-- Supplied information follows --
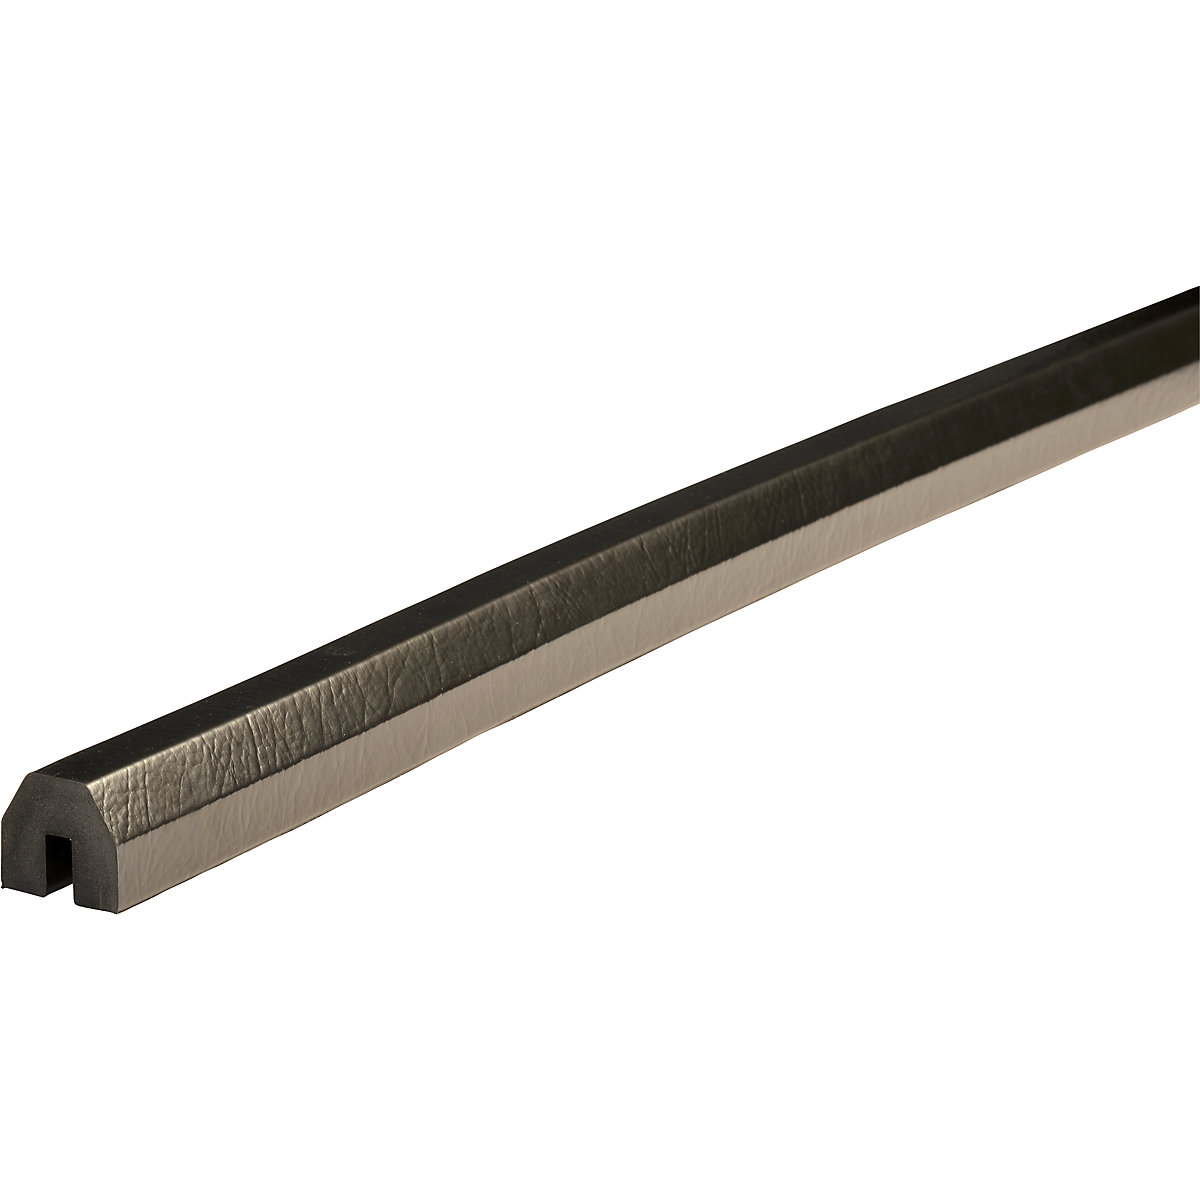 Knuffi® edge protection – SHG, type BB, 1 x 50 m roll, black-19
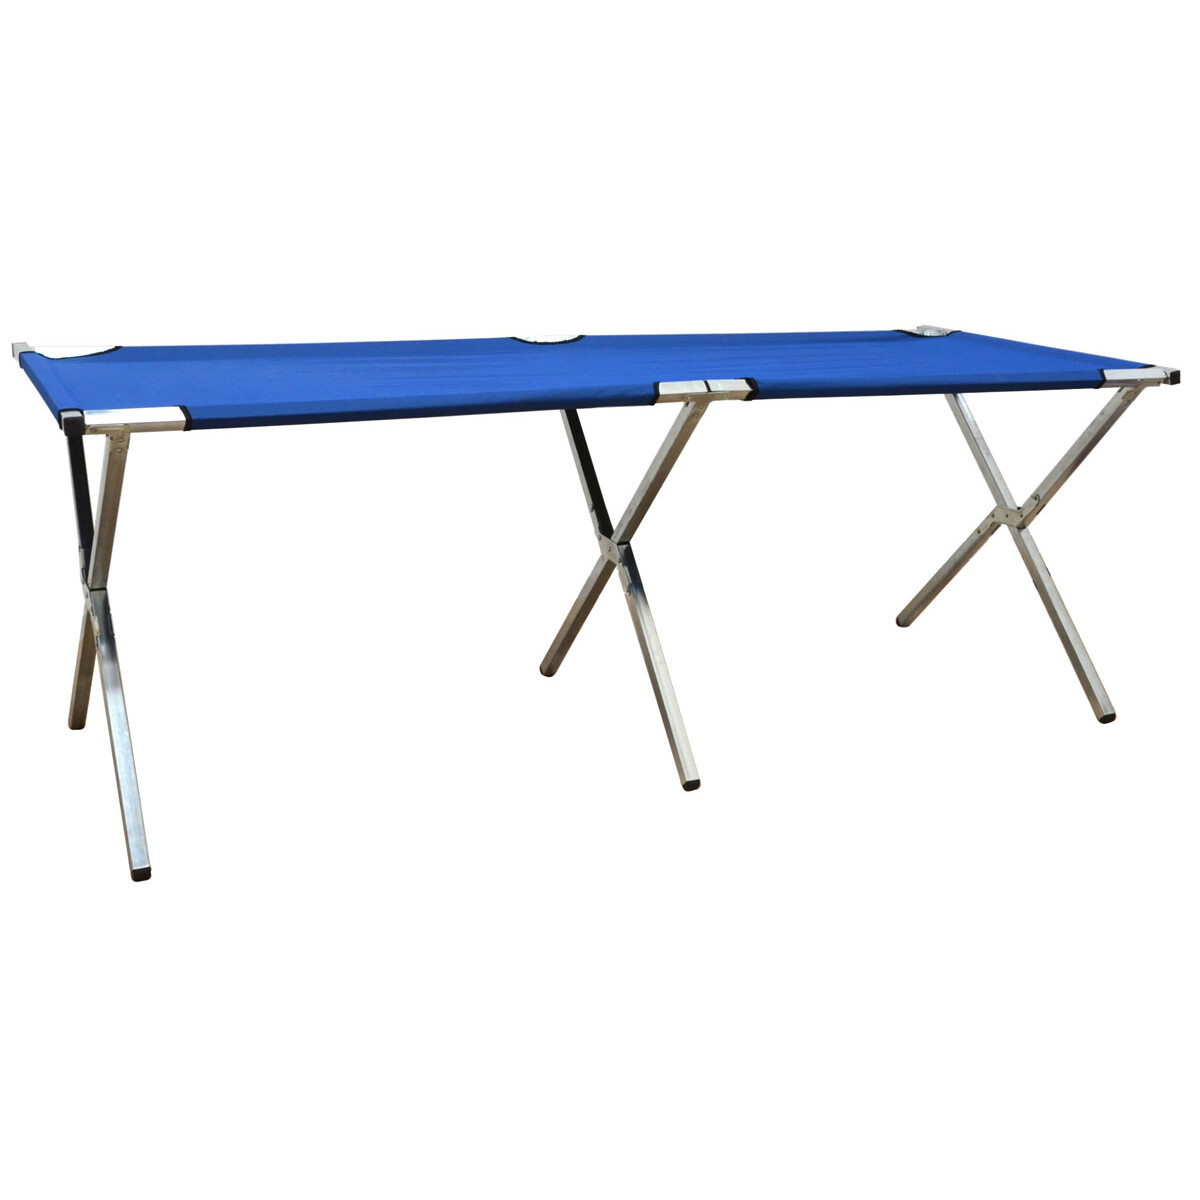 Verkaufsstand Verkaufstisch 205x67x70 cm klappbar Blau
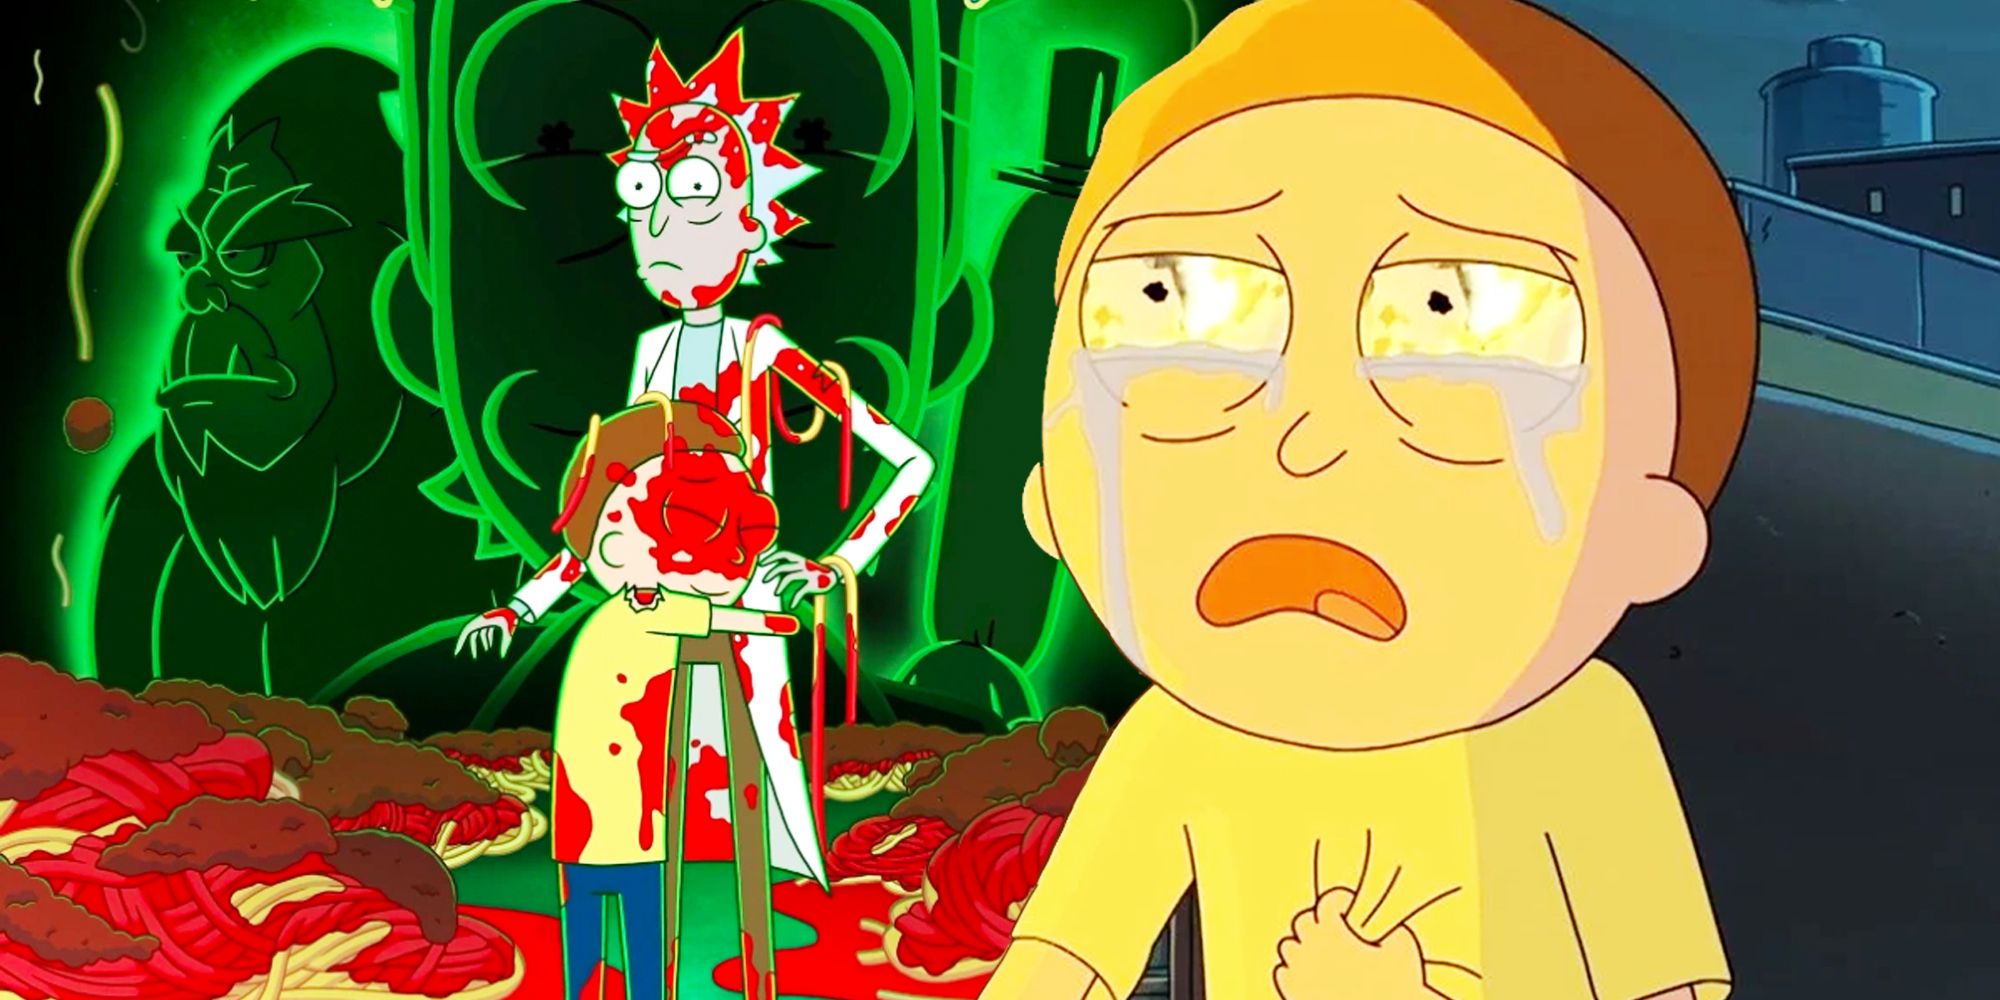 Morty and the Rick and Morty season 7 poster
-- Supplied information concluded --
• What to do:
What this calls for is a word-for-word copy of the listing above, pictures excluded.

• Solution:
 Knuffi® edge protection – SHG, type BB, 1 x 50 m roll, black-19
 Verkaufsstand Verkaufstisch 205x67x70 cm klappbar Blau
 Morty and the Rick and Morty season 7 poster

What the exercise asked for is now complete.